A consequence of the fact that we are using the actual silicon as validation vehicle is that we must account for factors arising from physical reality in functional debug, e.g., effects of temperature, electrical noise, etc. For example, a logical error may be masked by a glitch or fluctuating voltage levels, and may even require a certain thermal range to reproduce. A key challenge in post-silicon validation is consequently to find a recipe (e.g., via tuning of different physical, functional, and nonfunctional parameters) to make a bug reproducible. On the other hand, a positive factor is that the notion of "reproducibility" in post-silicon is somewhat weaker than that in pre-silicon validation. Since post-silicon validation is fast, an error that reliably appears once in a few executions (even if not 100% of the time) is still considered reproducible for post-silicon. Nevertheless, given the large space of parameters, ensuring reproducibility to the point that one can use it to analyze and diagnose the error is a significant challenge.

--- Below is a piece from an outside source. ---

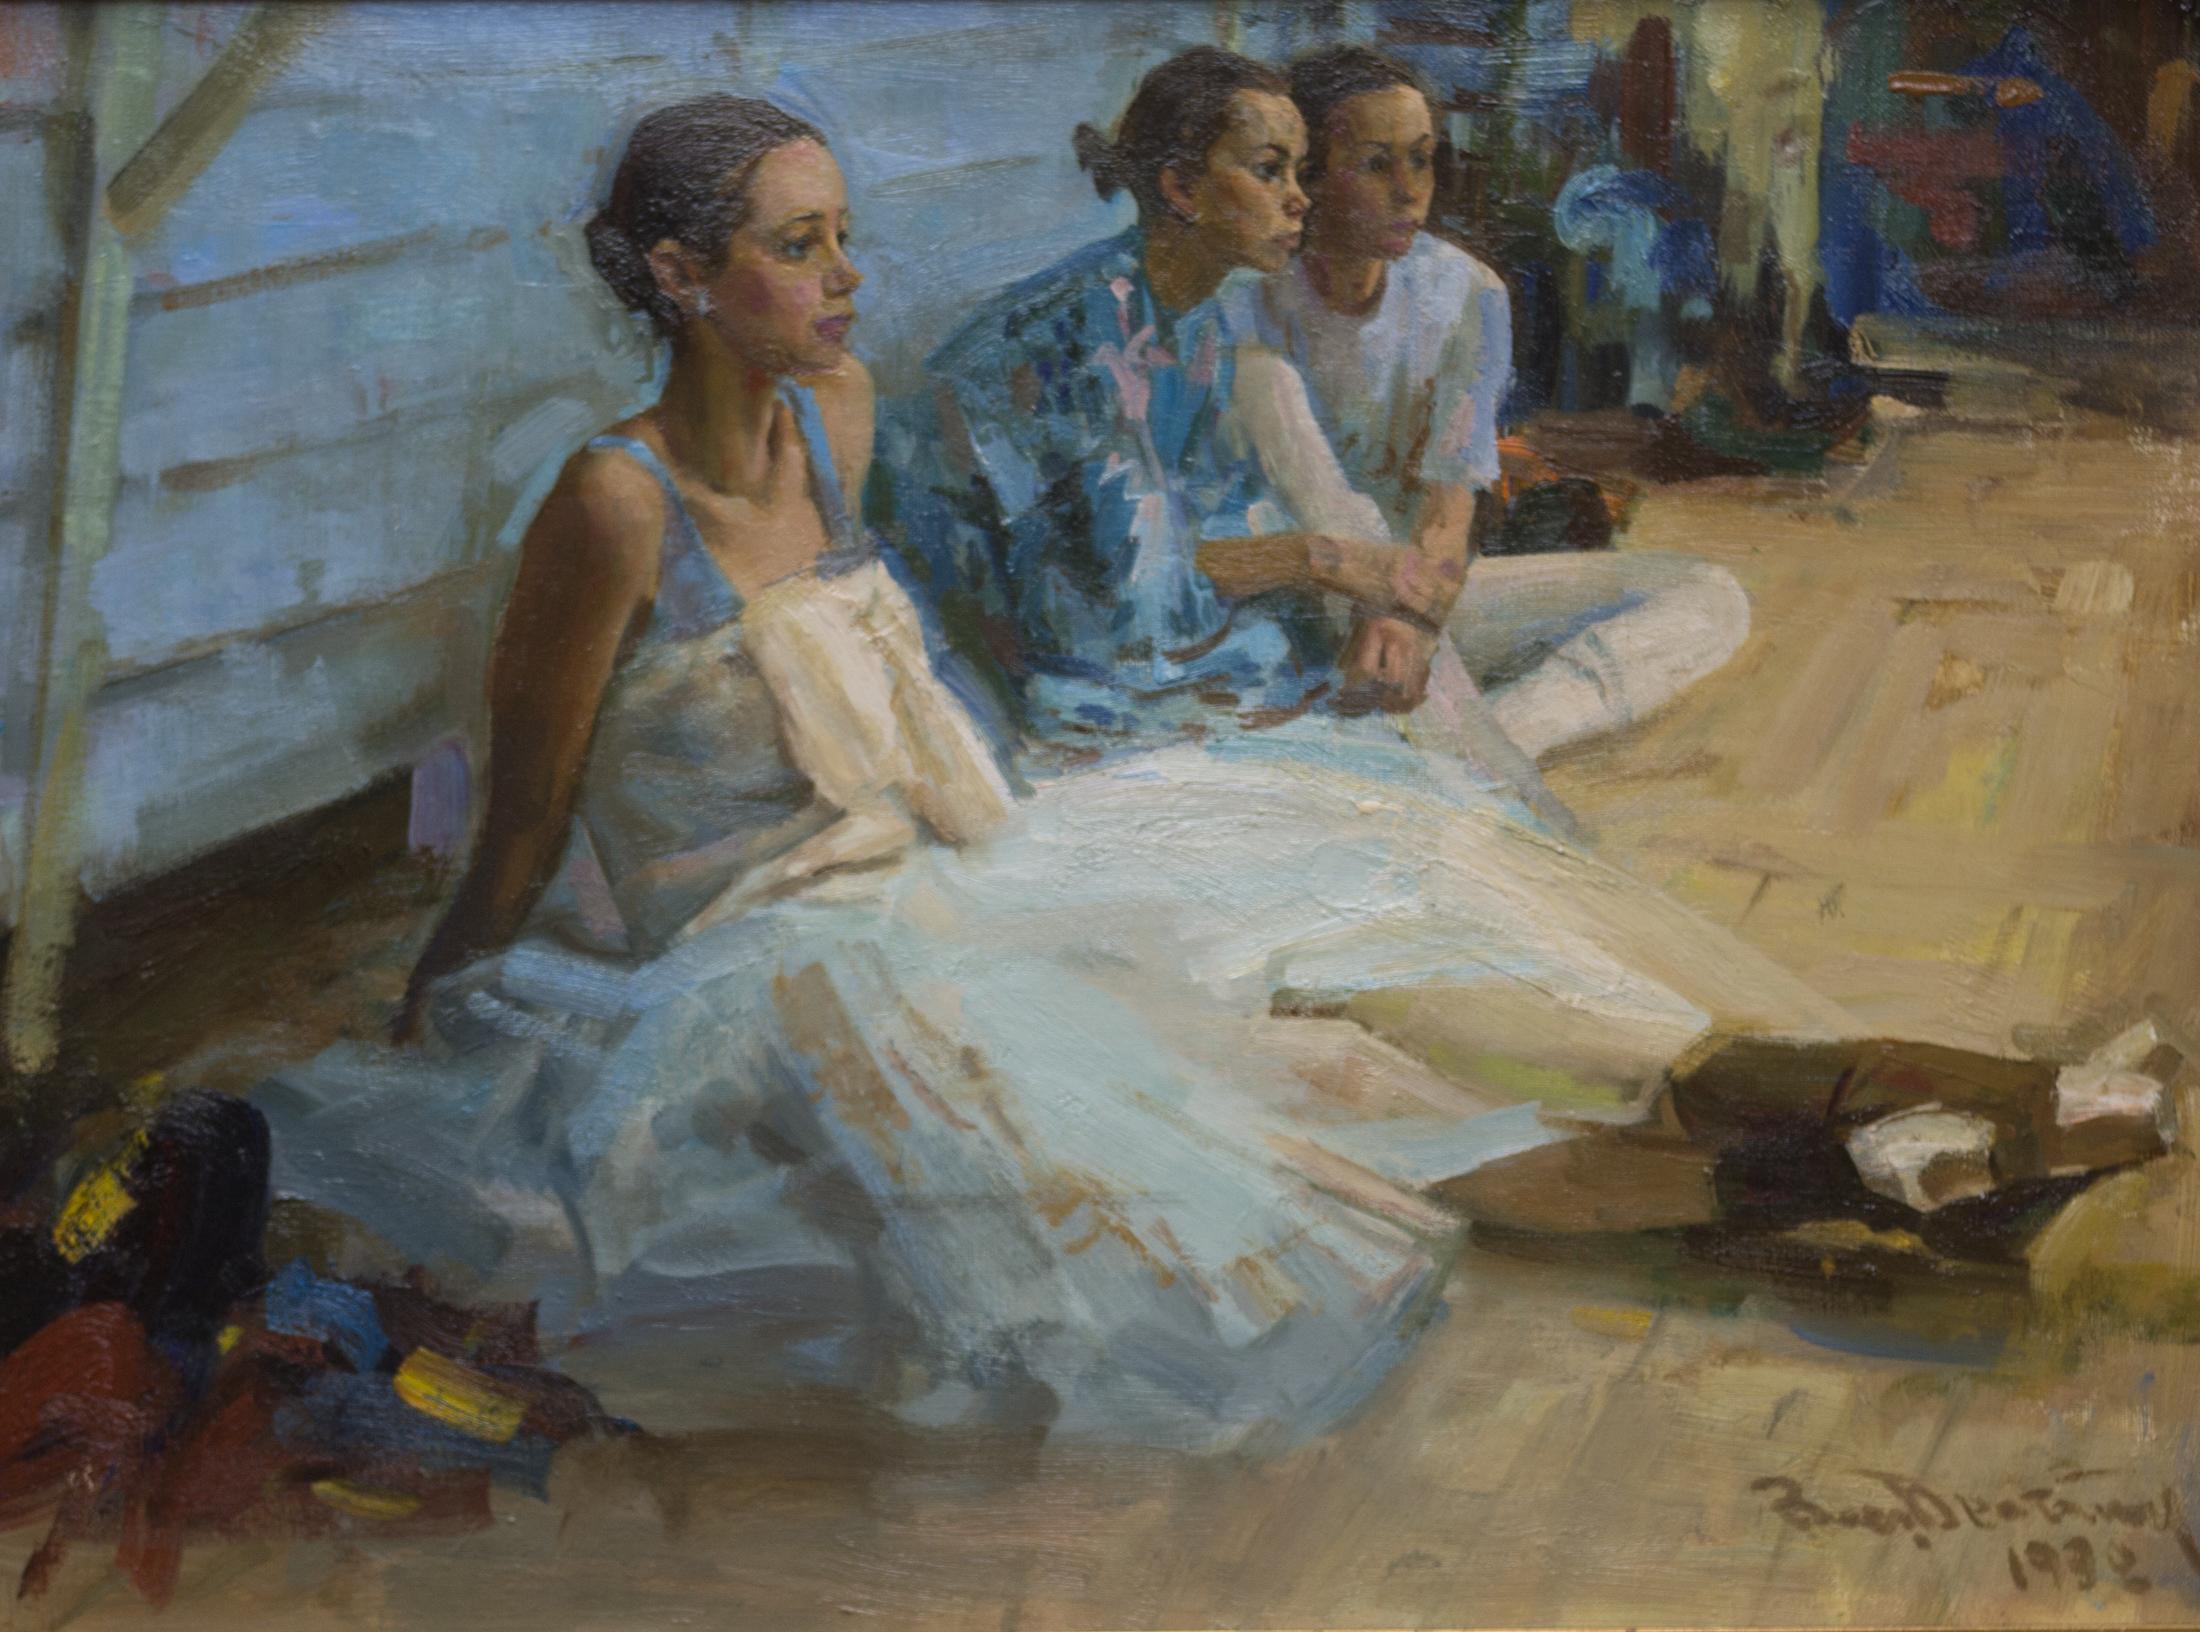 At the ballet class. Dancer J. Ayupova. Original modern art painting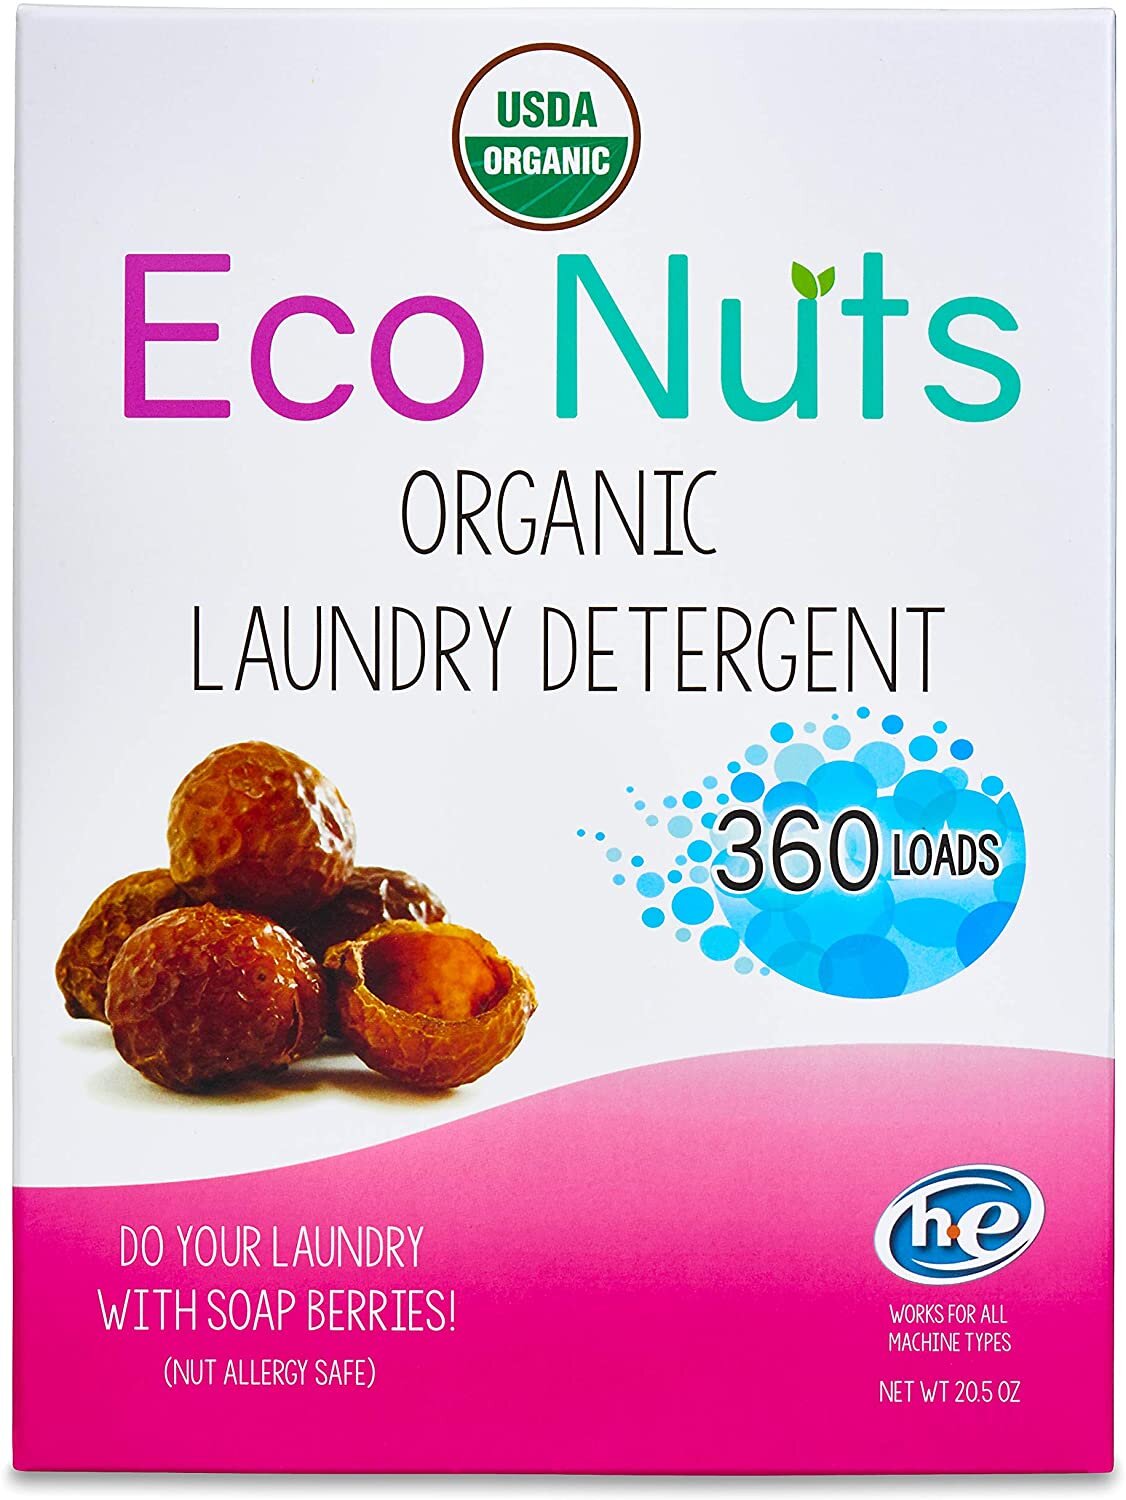 Eco Nuts

# D. Security and Power Management Challenges

Modern SoC designs incorporate highly sophisticated architectures to support aggressive energy and security requirements. These architectures are typically defined independently by disparate teams with complex flows and methodologies of their own, and include their unique design, implementation and validation phases. A thorough treatment of these activities is outside the scope of this paper. However, it is important to understand the interaction of these features with post-silicon (functional) validation. The challenge of security on observability is more direct, and has also been discussed before [18]. SoC designs include a large number of assets, e.g., cryptographic keys, DRM keys, firmware, debug mode, etc., which must be protected from unauthorized access. Unfortunately, post-silicon observability and the DfD infrastructure in silicon provide an obvious way to access such assets. Furthermore, much of the DfD infrastructure is available on-field to facilitate survivability. This permits their exploitation by malicious hackers to gain

unauthorized access to the system assets after deployment. Indeed, many celebrated system hacks [19], [20] have made use of post-silicon observability features. Such exploits can be very subtle and difficult to determine in advance, while having a devastating impact to the product and company reputation once carried out. Consequently, a knee-jerk reaction is to restrict DfD features available in the design. On the other hand, lack of DfD may mean making post-silicon validation difficult, long, and even intractable. This may mean delay in product launch; with aggressive time-to-market requirement, a consequence of such delay can be loss of billions of dollars in revenue or even missing the market for the product altogether.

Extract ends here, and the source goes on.